According to CFO Kathy Bonanno:

The dollar-weighted contract duration for new subscription and support billings in the quarter remained at approximately three years, but declined by four months year-over-year due to the strength of our cloud business and fewer multi-year deals.

Had Palo Alto's contract duration stayed consistent, the company's billings could have easily beaten Wall Street's expectations -- it lost four months of billings thanks to the shift to the cloud and a subscription-based business model.

As such, Palo Alto's quarterly performance and the accompanying guidance weren't as bad as they looked. More importantly, a closer look at the company's results makes it clear that Palo Alto is pulling the right strings to ensure long-term growth.

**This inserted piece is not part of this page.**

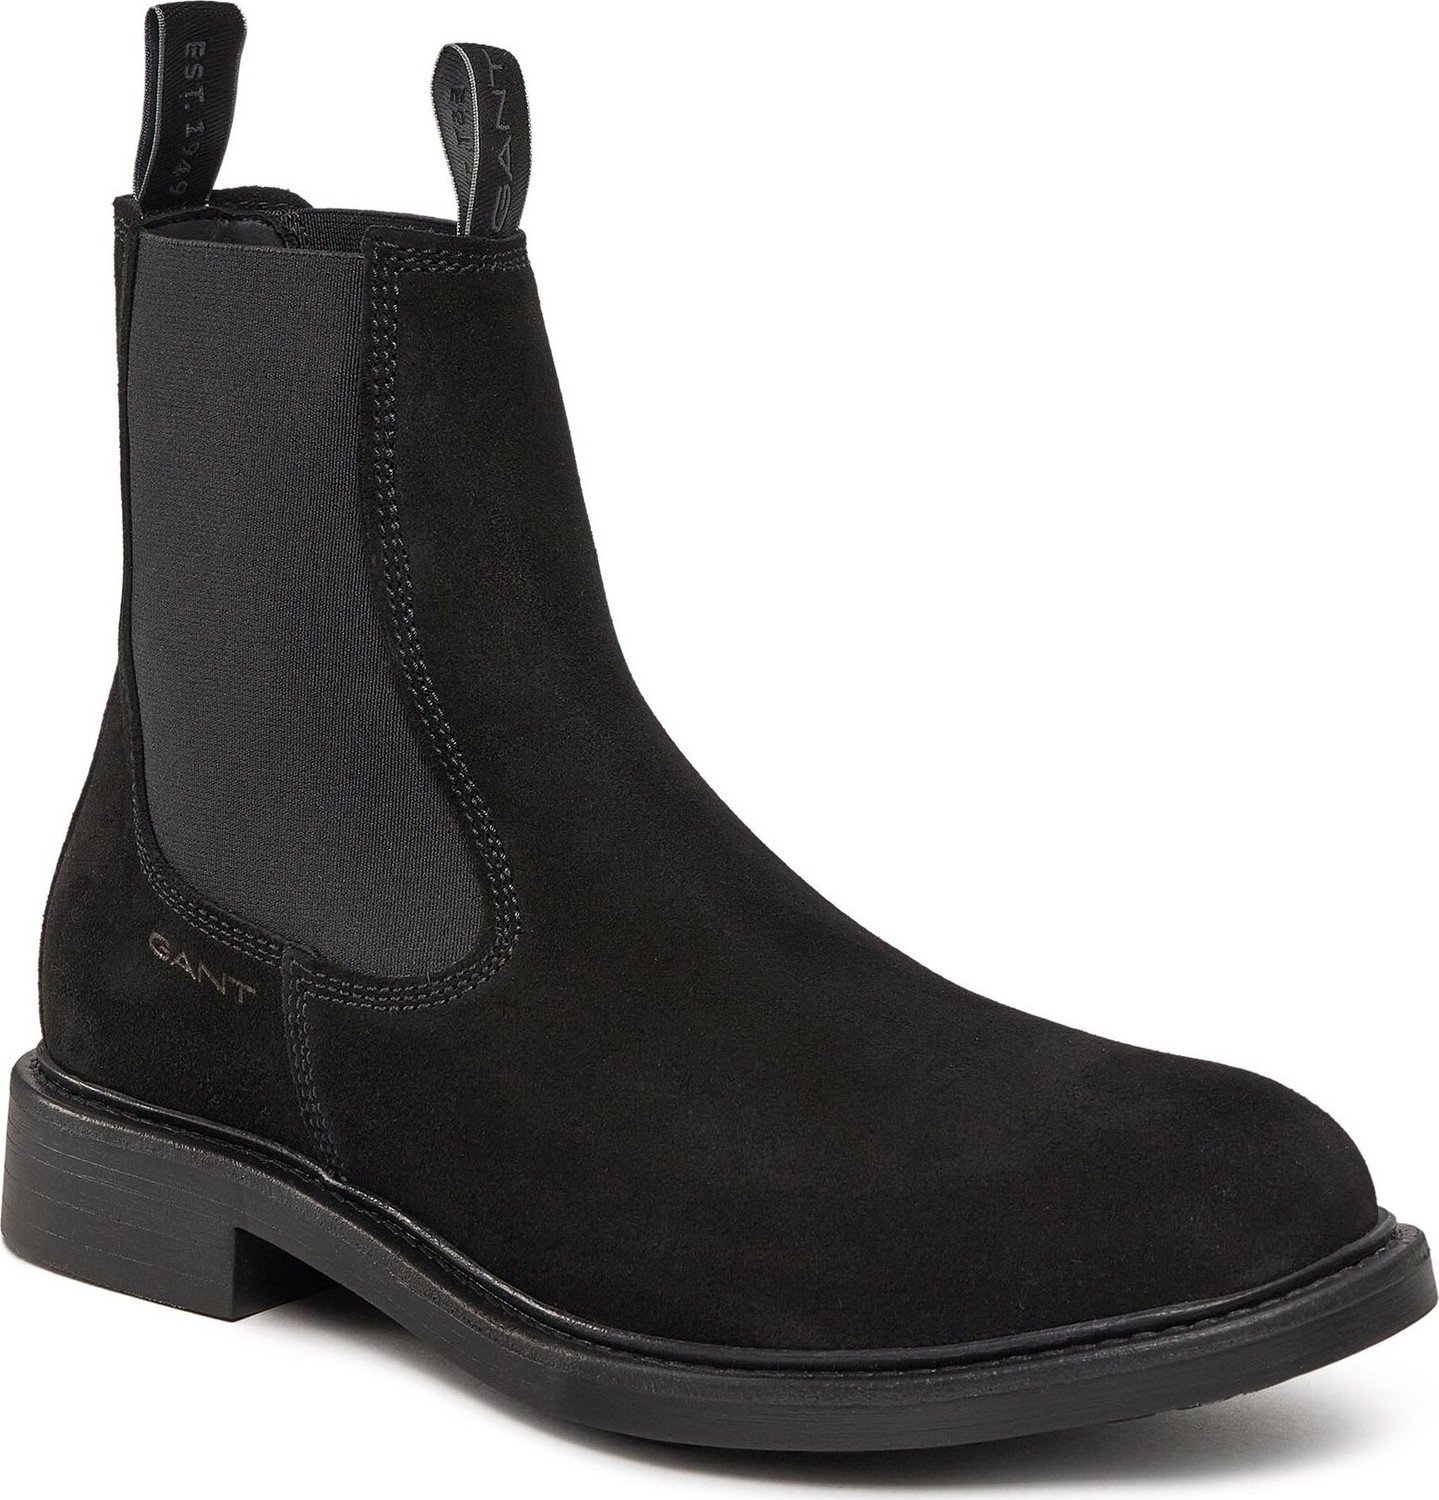 Kotníková obuv s elastickým prvkem Gant Millbro Chelsea Boot 27633415 Black

Don't miss these positives

Investors shouldn't be fixated on analyst estimates, as there are quite a few metrics that show Palo Alto is making terrific progress in the cybersecurity market.

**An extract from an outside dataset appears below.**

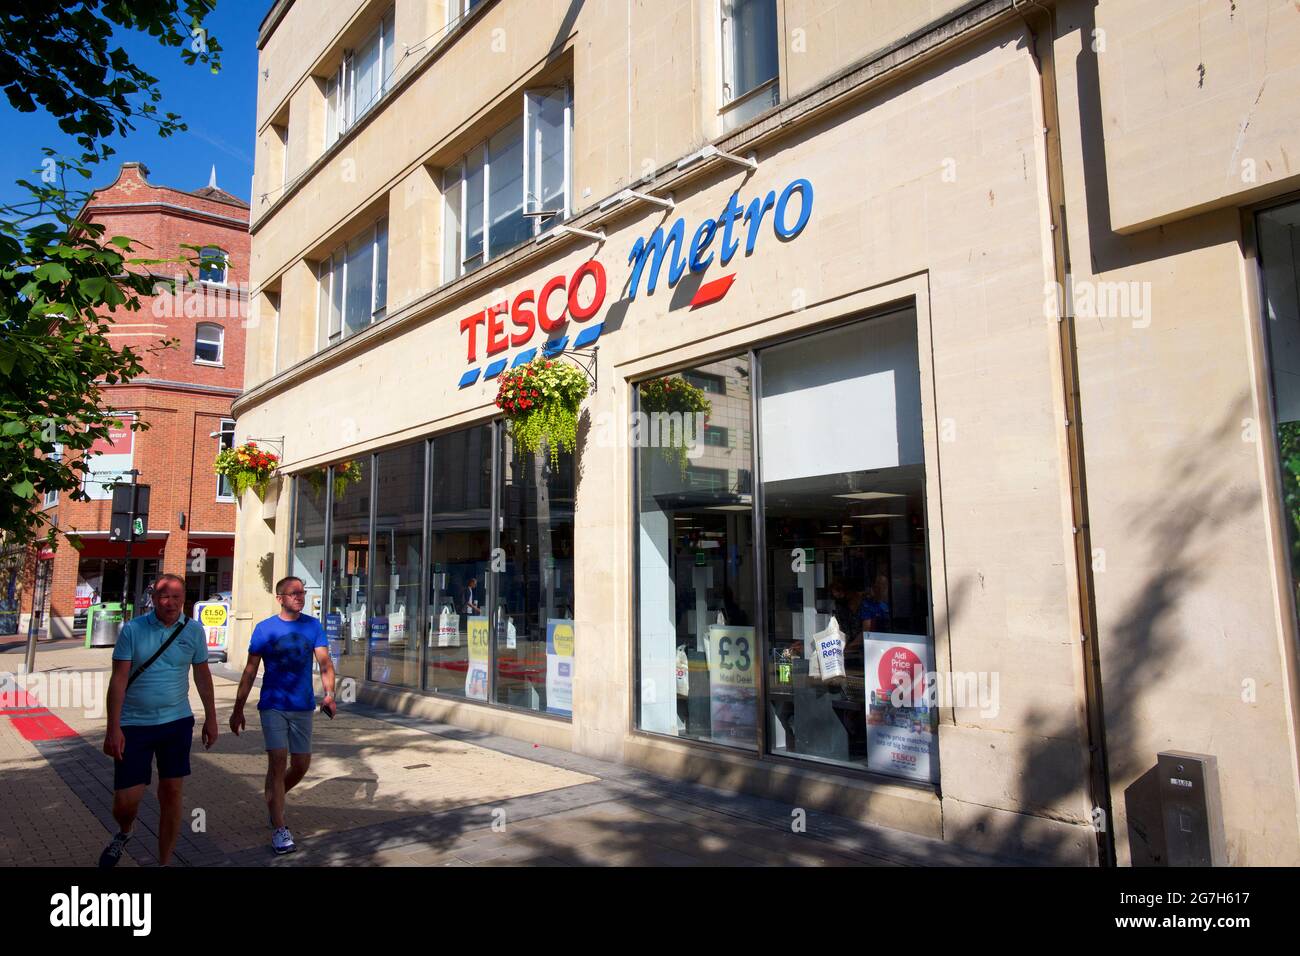 Tesco Metro store Stock Photo

For instance, the company's customers have increased their spending on its services. The lifetime value of Palo Alto's top 25 customers went up 35% year over year to a minimum of $38.7 million during the quarter.

The customer lifetime value is made up of the revenue generated from a customer after subtracting the money spent to acquire that account. So the substantial increase in the lifetime value of its top customers is a big positive for Palo Alto, as it is not only augmenting the company's top-line growth but also contributing toward fatter margins.

The company's third-quarter gross margin increased 30 basis points year over year, and that figure should keep getting better as Palo Alto expands its range of offerings through acquisitions. That's because new acquisitions will give the company a bigger cross-selling opportunity in the future.

The big picture is still intact

Palo Alto announced two new acquisitions -- Twistlock and PureSec -- that will negatively impact its short-term results.

Twistlock is a container security provider for cloud-native applications that serves more than 290 customers, a quarter of which are Fortune 100 companies. Container security is an emerging sector of the cybersecurity market because developers have been rapidly moving toward app containers.

It is estimated that the app container market will clock an annual growth rate of nearly 33% through 2023, so the Twistlock acquisition should prove to be an asset for Palo Alto in the future. Meanwhile, the PureSec acquisition will help Palo Alto make a dent in the serverless cybersecurity space, which is another fast-growing niche.

As it turns out, the global serverless market is forecast to grow at a compound annual growth rate of 28.6%. So the demand for cybersecurity for serverless applications is all set to increase in the future, and Palo Alto is making a smart move by getting into this vertical.

This is how Palo Alto is securing its long-term growth -- so it doesn't make sense for investors to panic because of the guidance miss.